But if it's the data it might be better to collect it because it's a validation error.

On the other hand the exception approach allows to handle more cases out of the box and is less intrusive.
With your approach, when migrating we must update all our custom denormalizers.
IMO it's a good trade off in order to have a fine grained handling of the errors.

julienfalque · 2020-11-26T11:12:15Z

Thanks @camilledejoye, you put this in better words than I would do :)

Another reason I don't like using exceptions is that it relies on the fact that the parent denormalizers will handle them appropriately, but if they don't the whole process will easily fail or behave anormaly silently, without the developper being aware. Using the DenormalizationResult, any uncaught exception is a guarantee that some denormalizers didn't handle it appropriately and will immediately make this fact obvious.

dunglas · 2021-01-03T08:32:28Z

src/Symfony/Component/Serializer/Normalizer/DenormalizerInterface.php

    /**
     * Denormalizes data back into an object of the given class.
     *
+     * When context option `collect_invariant_violations` is enabled, the


Could we deprecate not enabling this option? So in 6.0 we will have only one code path again.

Also, shouldn't we add a similar API to NormalizerInterface for consistency?

@symfony/mergers I'm interested in your opinions about this PR because it's an important change in the API.

Could we deprecate not enabling this option? So in 6.0 we will have only one code path again.

I thought it would be better to have this as an experimental feature so as users don't get forced into a big API change. But thinking about it again, keeping it as an opt-in feature probably means third-party normalizers won't make a move to be compatible with the new API (because maintainers don't know about it or they can't/don't want to update). Deprecating the current API in favor of this one will also allow enforcing the API at type level by making DenormalizerInterface::denormalize() return a DenormalizationResult.

What I'm affraid of is that the new API might introduce some overhead to the denormalization process, is that something we want to be the new default?

Also: if the new API is the only one in 6.0, this new option shall be deprecated in 6.0 and removed in 7.0, right?

Also, shouldn't we add a similar API to NormalizerInterface for consistency?

The use case of the new API for denormalization is that input data can be untrusted and one might want to show detailed error messages rather than a technical exception to the user that provided that input. Is there a similar scenario for normalization? I'm totally ok to apply the same API changes to normalization, I just want to be sure it's actually worth it.

It's ok to deprecate and 5.x and remove in 6.

I'm not sure about the use cases for NormalizerInterface, but I'm sure we can find some.
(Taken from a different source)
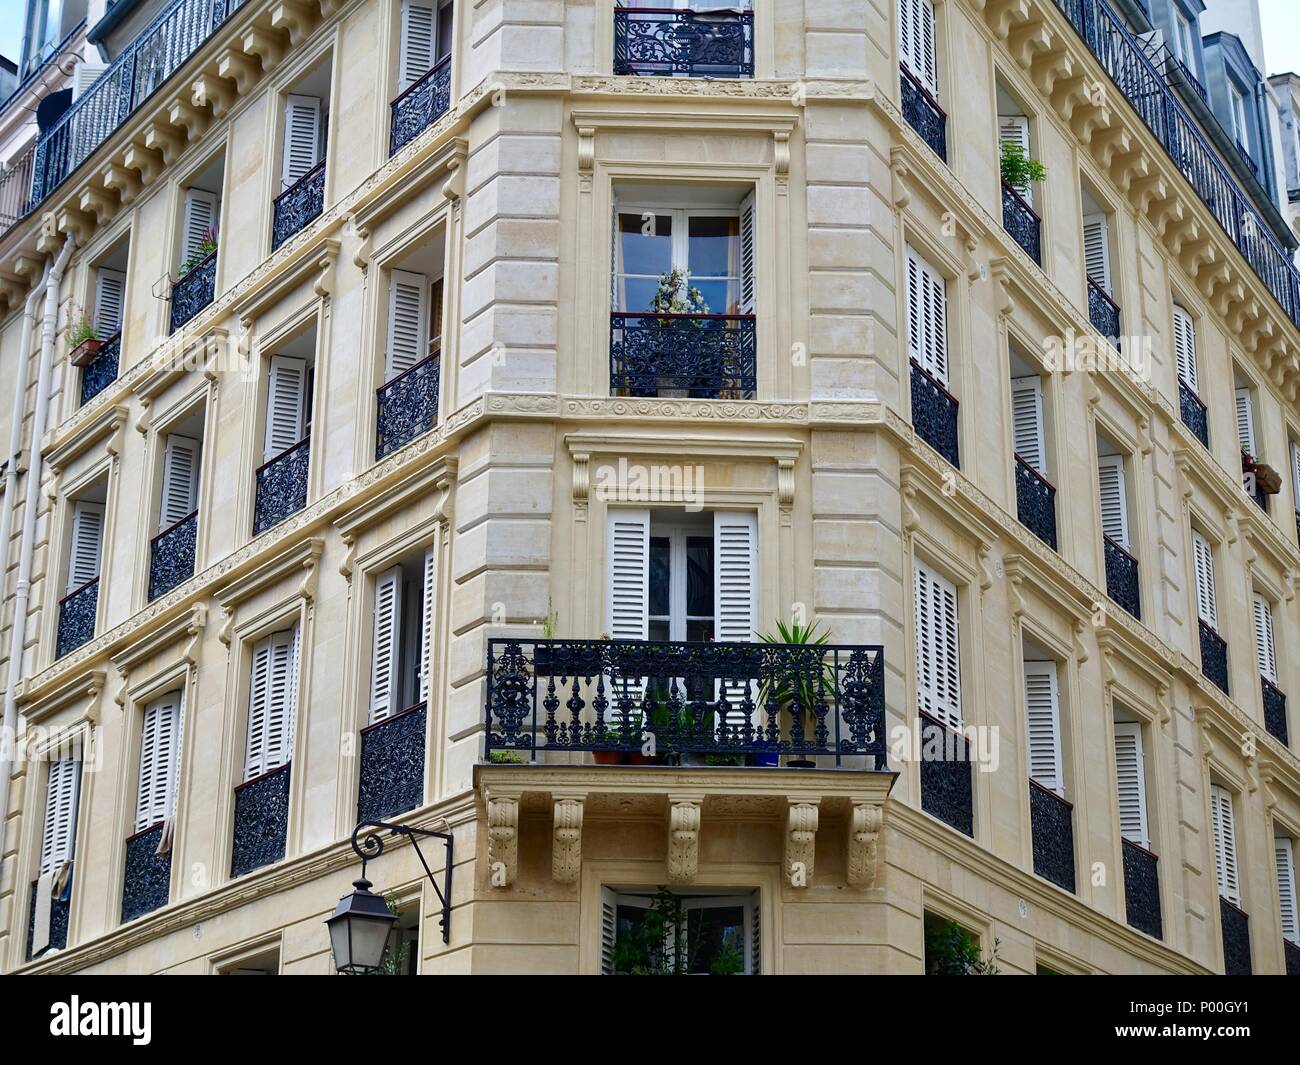 Paris balcony - images photography Alamy hi-res and stock

For instance in API Platform we often have to store metadata along with the normalization result. An example: we store the IRIs of visited documents to generate cache tags. We use currently use mighty tricks involving the serialization context, having a result object would allow to make cleaner things. We'll probably need an extension point for this result object by the way (it can start as a simple a context map).

That being said, the key point here is consistency IMHO. Normalization and de normalization must work in a similar way. Consistent APIs are easier to learn and remember.

dunglas · 2021-01-03T08:35:57Z

src/Symfony/Component/Serializer/DenormalizationResult.php

+    private $denormalizedValue;
+    private $invariantViolations = [];
+
+    private function __construct()


Maybe could we use a public constructor with named arguments. It's more idiomatic than named factory methods in PHP8.

Also, this would allow users to access both the normalized value and the errors. It could be useful in some or access the partially denormalized data even in case of error.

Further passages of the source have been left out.